INFORMATION SHOWN:

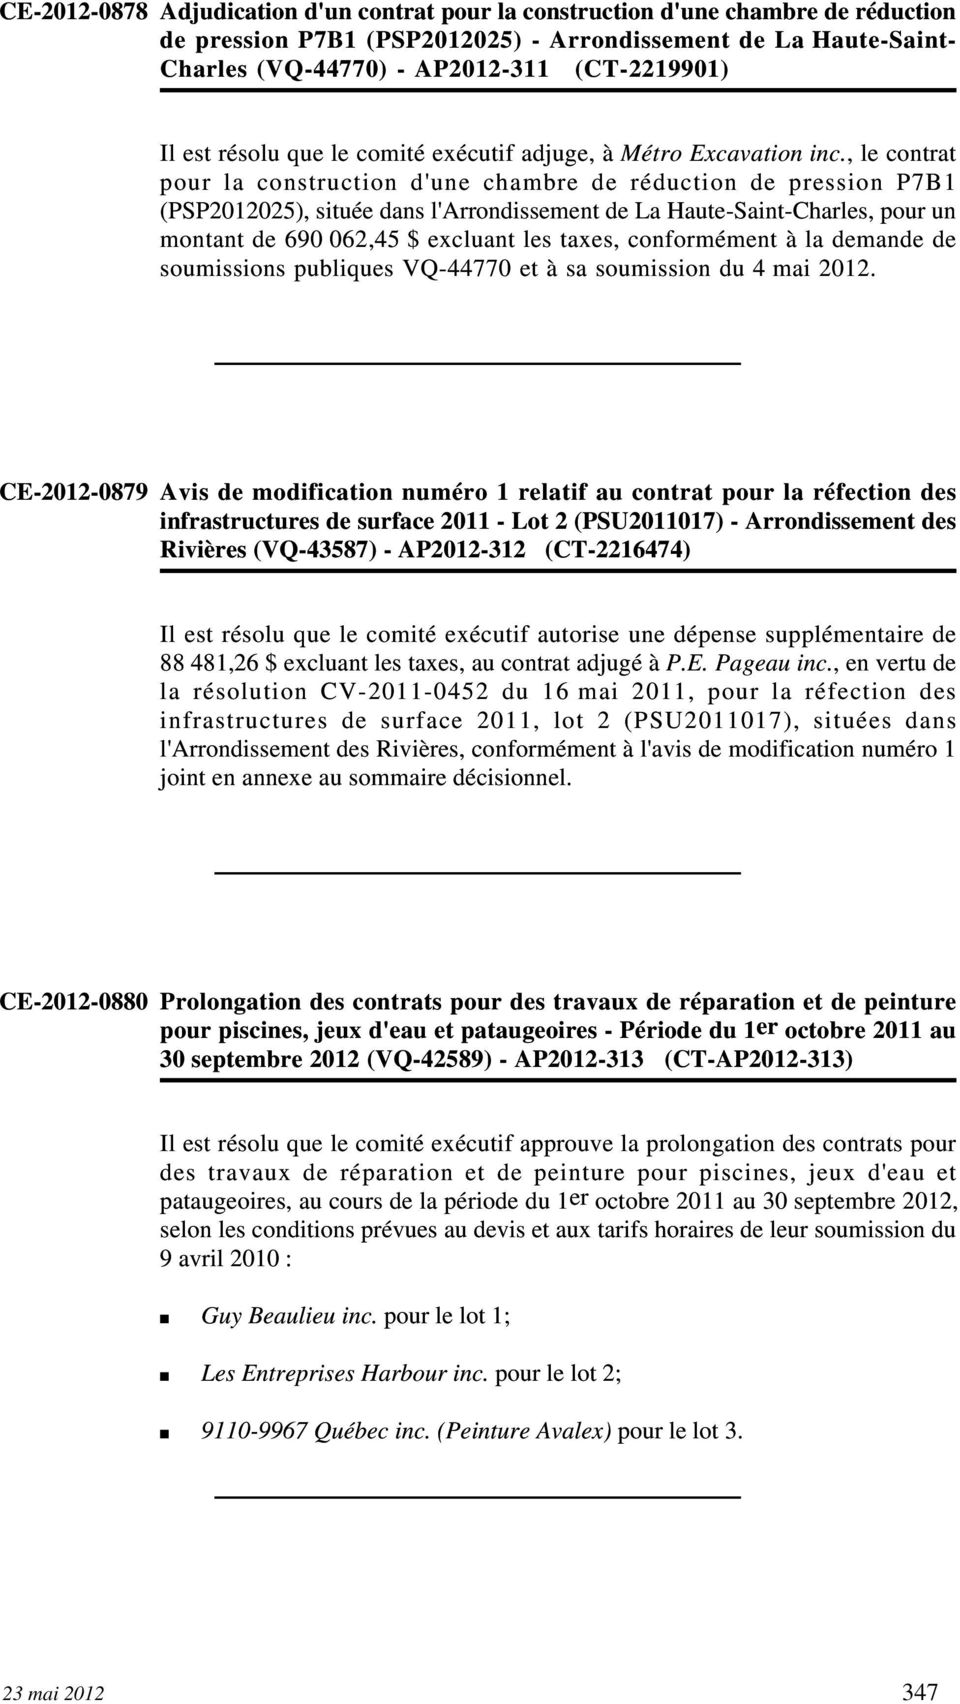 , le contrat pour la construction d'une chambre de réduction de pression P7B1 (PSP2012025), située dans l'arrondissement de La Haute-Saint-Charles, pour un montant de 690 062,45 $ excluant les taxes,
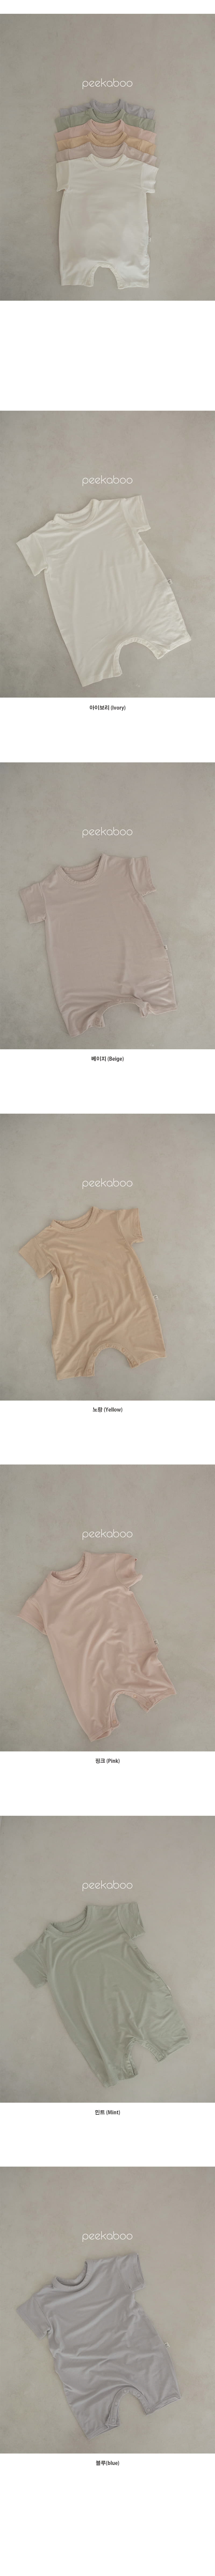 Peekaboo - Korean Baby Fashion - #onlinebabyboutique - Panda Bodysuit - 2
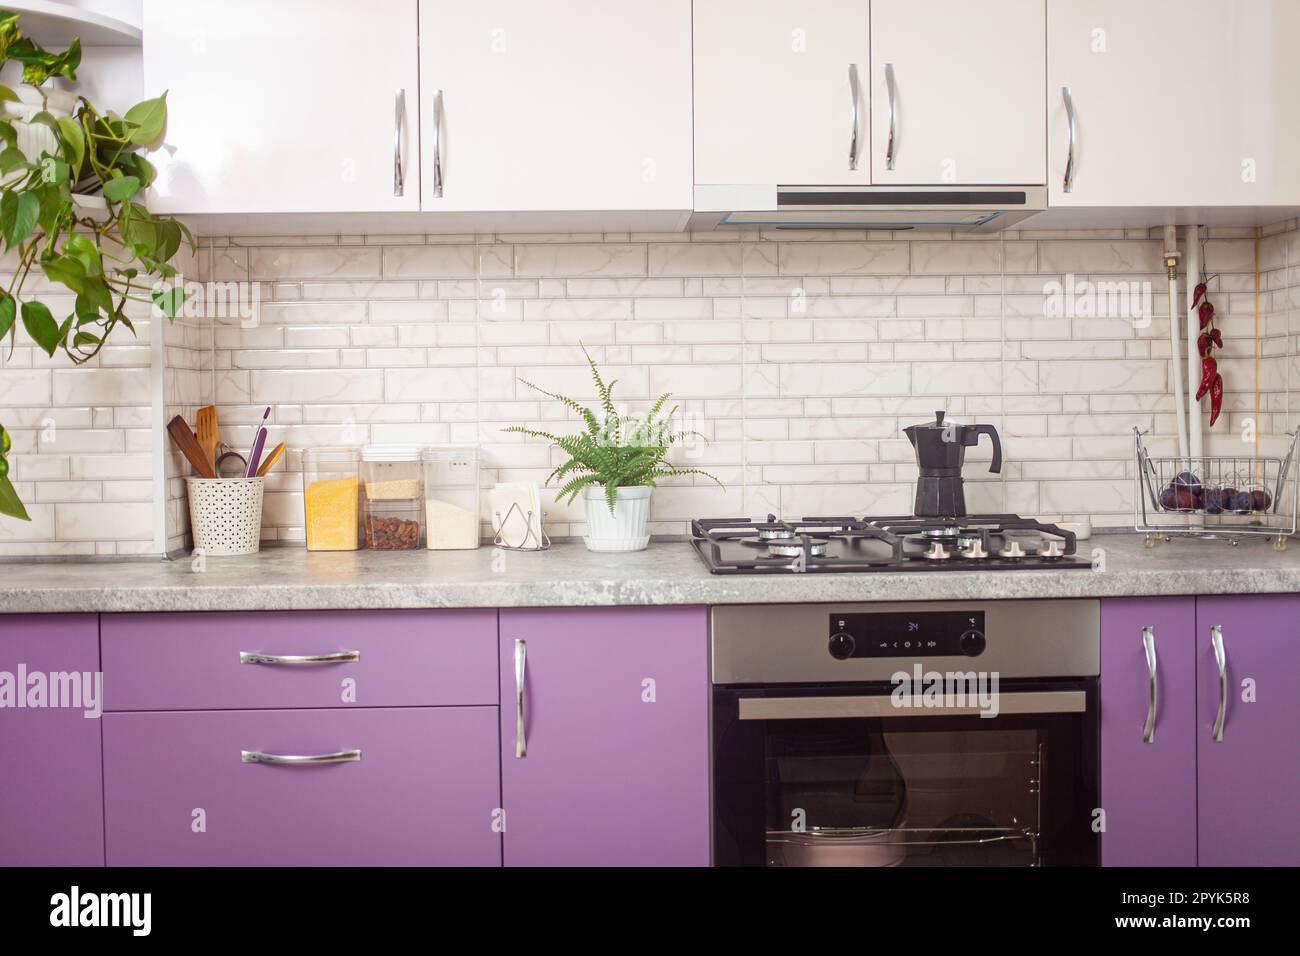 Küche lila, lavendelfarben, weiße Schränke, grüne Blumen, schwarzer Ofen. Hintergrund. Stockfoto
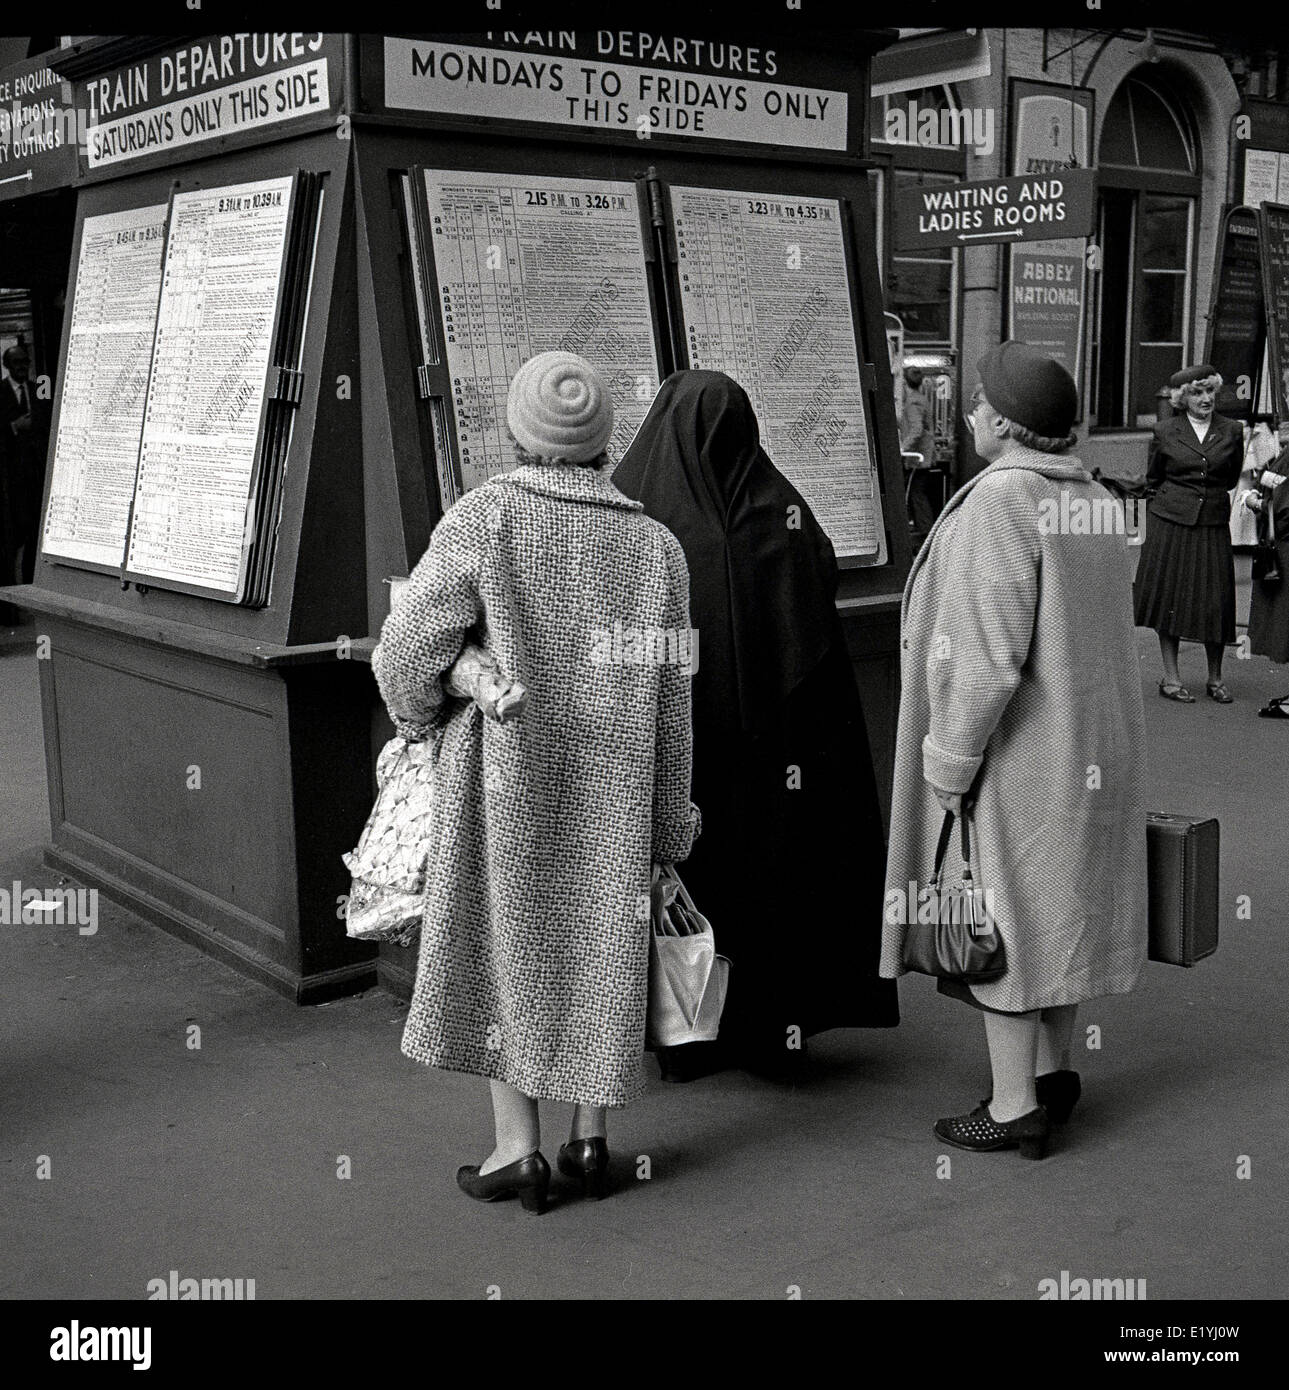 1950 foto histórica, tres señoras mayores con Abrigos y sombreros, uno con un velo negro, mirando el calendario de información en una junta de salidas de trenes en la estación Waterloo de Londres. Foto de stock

DESCRIPTION OF THE TASK: After locating the line that holds "Peekaboo - Korean", output exactly the lines from it through the last line of the material above, inclusive, without pictures.

EXERCISE ANSWER:
 Peekaboo - Korean Baby Fashion - #onlinebabyboutique - Panda Bodysuit - 2
 Küche lila, lavendelfarben, weiße Schränke, grüne Blumen, schwarzer Ofen. Hintergrund. Stockfoto
 1950 foto histórica, tres señoras mayores con Abrigos y sombreros, uno con un velo negro, mirando el calendario de información en una junta de salidas de trenes en la estación Waterloo de Londres. Foto de stock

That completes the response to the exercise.